Updated on: March 3, 2026

Table of contents

It feels great getting OpenTelemetry working in a demo environment. Spans appear, metrics flow, you connect it to a backend and everything lights up in a satisfying cascade. You write the internal doc, you present it to the team, but it’s just a matter of time when somebody on the team asks: “Great, so how do we roll this out to all 100 services?” If you are at that point on your OTel journey, this article will help you roll out OTel to production.

Running OTel across a handful of services and running it across a few hundred are genuinely different problems. The instrumentation part stays roughly the same. Everything around it — how you collect the data, how you route it, how you make sure a traffic spike in one region does not take down your entire observability pipeline — that is where teams either build something resilient or spend the next six months fire-fighting because of inadequate planning or suboptimal architecture.

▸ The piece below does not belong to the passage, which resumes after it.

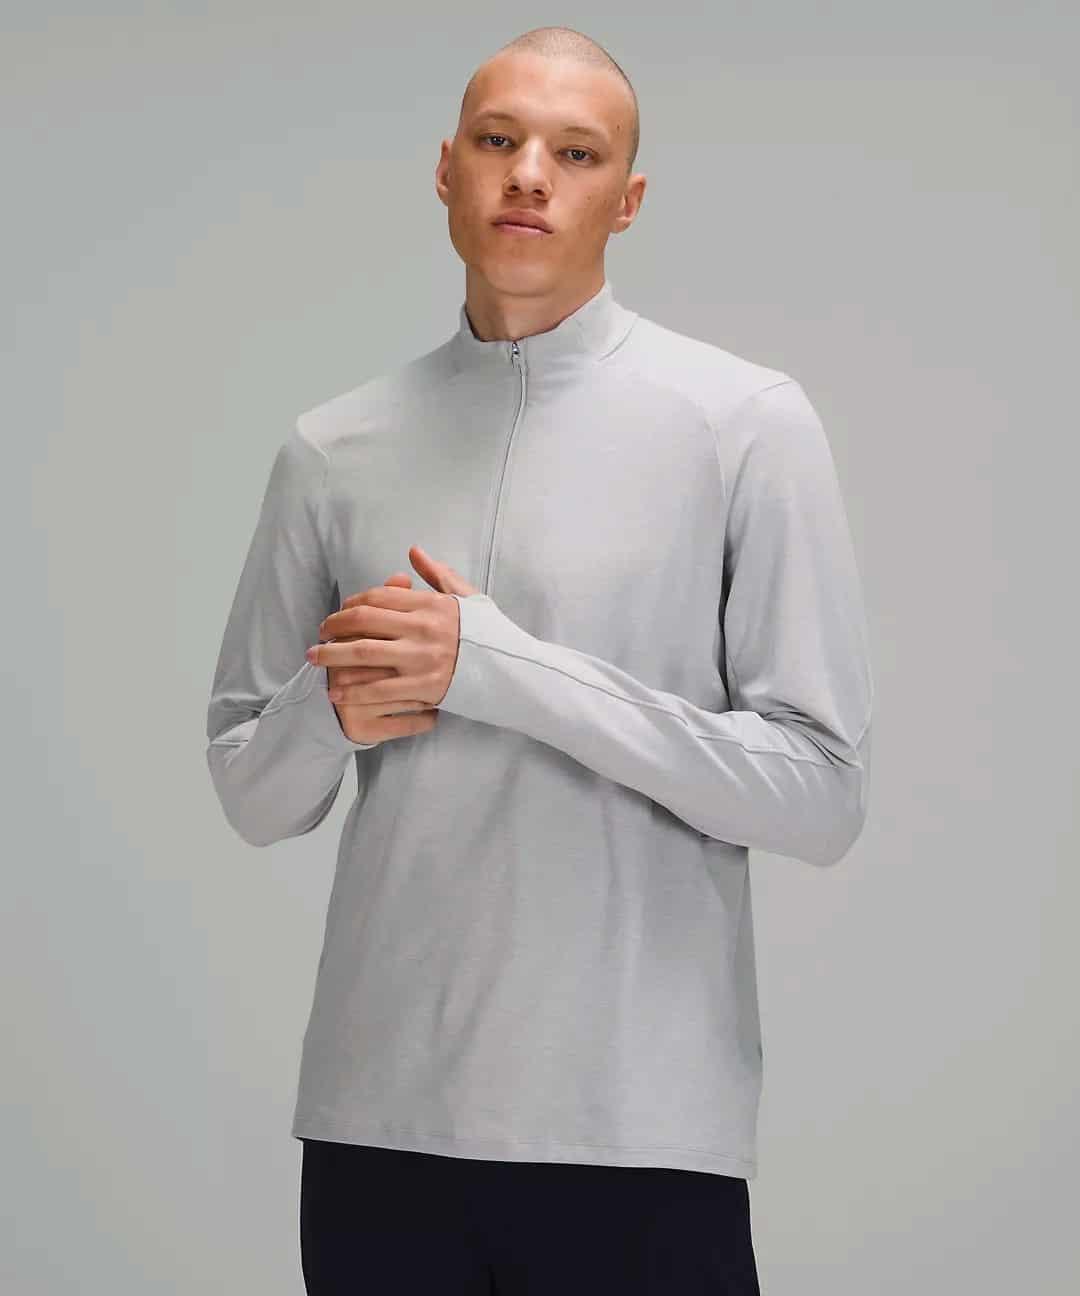 Surge Warm 1/2 Zip | Men's Long Sleeve Tops | lululemon

I wrote this article to share the patterns that actually hold up at scale: collector tiers, load balancing strategies, sampling at volume, and multi-cluster setups. Everything comes with real config examples because “it depends” is only useful advice if you can see what it depends on.

See How OpenTelemetry changes the way teams do observability for why OpenTelemetry matters and how it shifts focus from traditional metrics and logs to full, end-to-end observability.

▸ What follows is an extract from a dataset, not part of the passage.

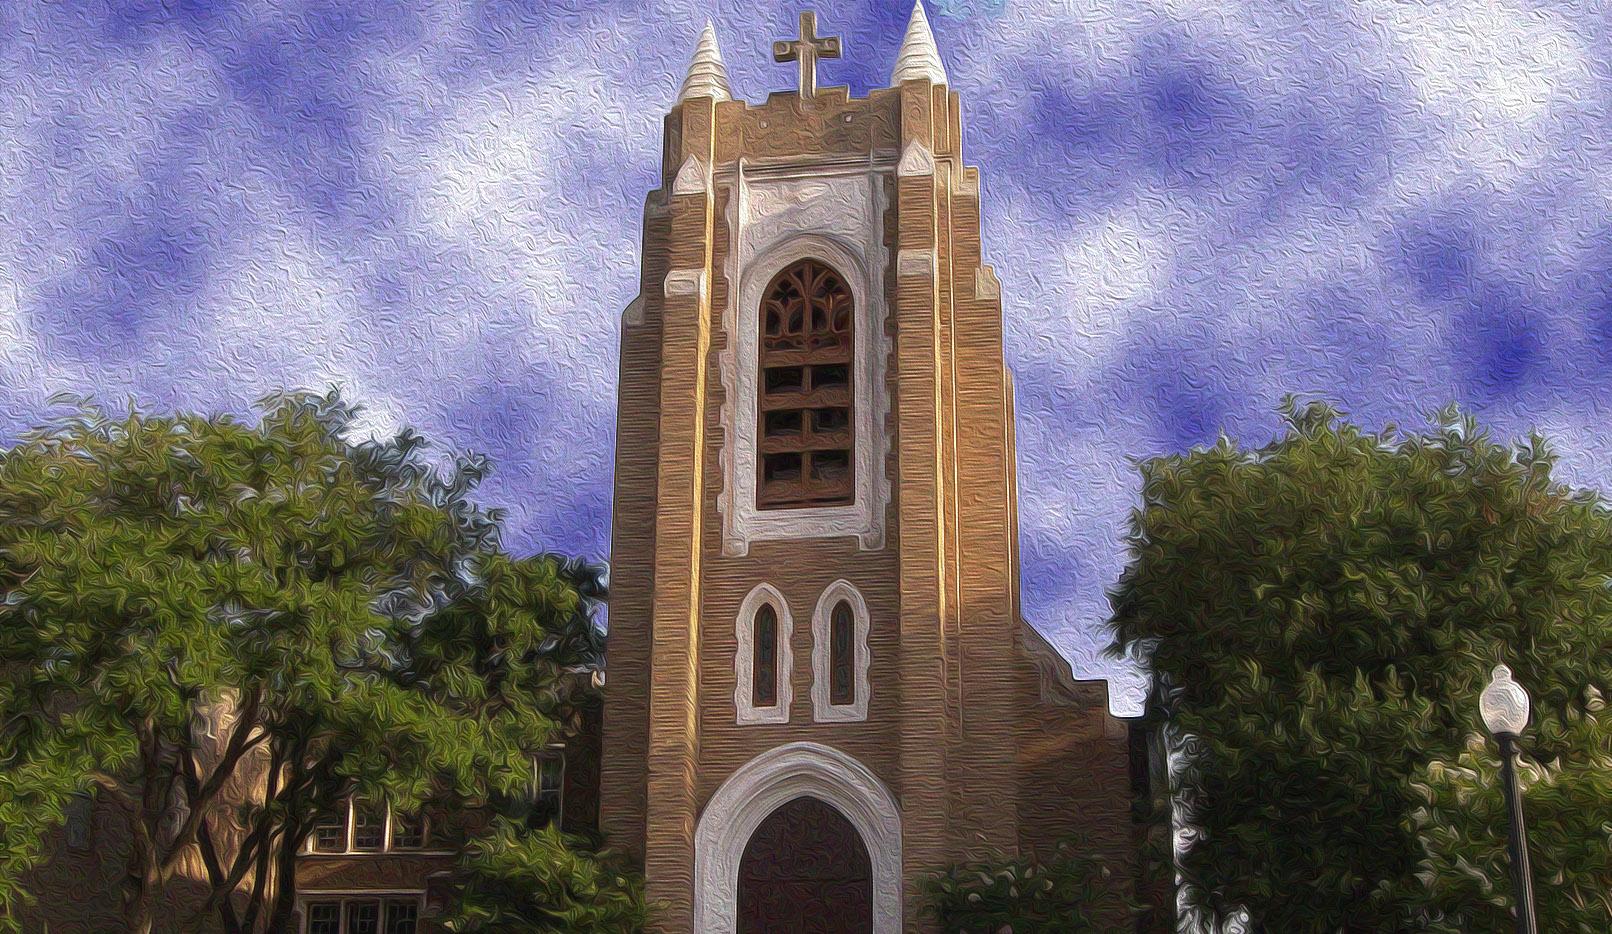 Saint_andrews_episcopal_church_2009 EDIT

Why a Single Collector Falls Apart (and When)

Most OTel tutorials show you a single collector instance receiving spans from all your services and forwarding everything to a backend. That setup works until about the point where it stops working, which tends to happen quietly and at the worst possible time. You are not going to notice a single collector struggling until it is already dropping data, buffering is maxed out, and your traces have gaps you cannot explain.

The core issue is that a single collector is both a single point of failure and a resource bottleneck. At low traffic it sits there looking fine. Add a few dozen services, let traffic spike during a product launch or a retry storm, and you will watch it start falling behind. The exporter queue fills up. Backpressure kicks in. Services start dropping spans rather than blocking on the export. By the time anyone notices, you have lost the exact telemetry you needed to understand what just happened.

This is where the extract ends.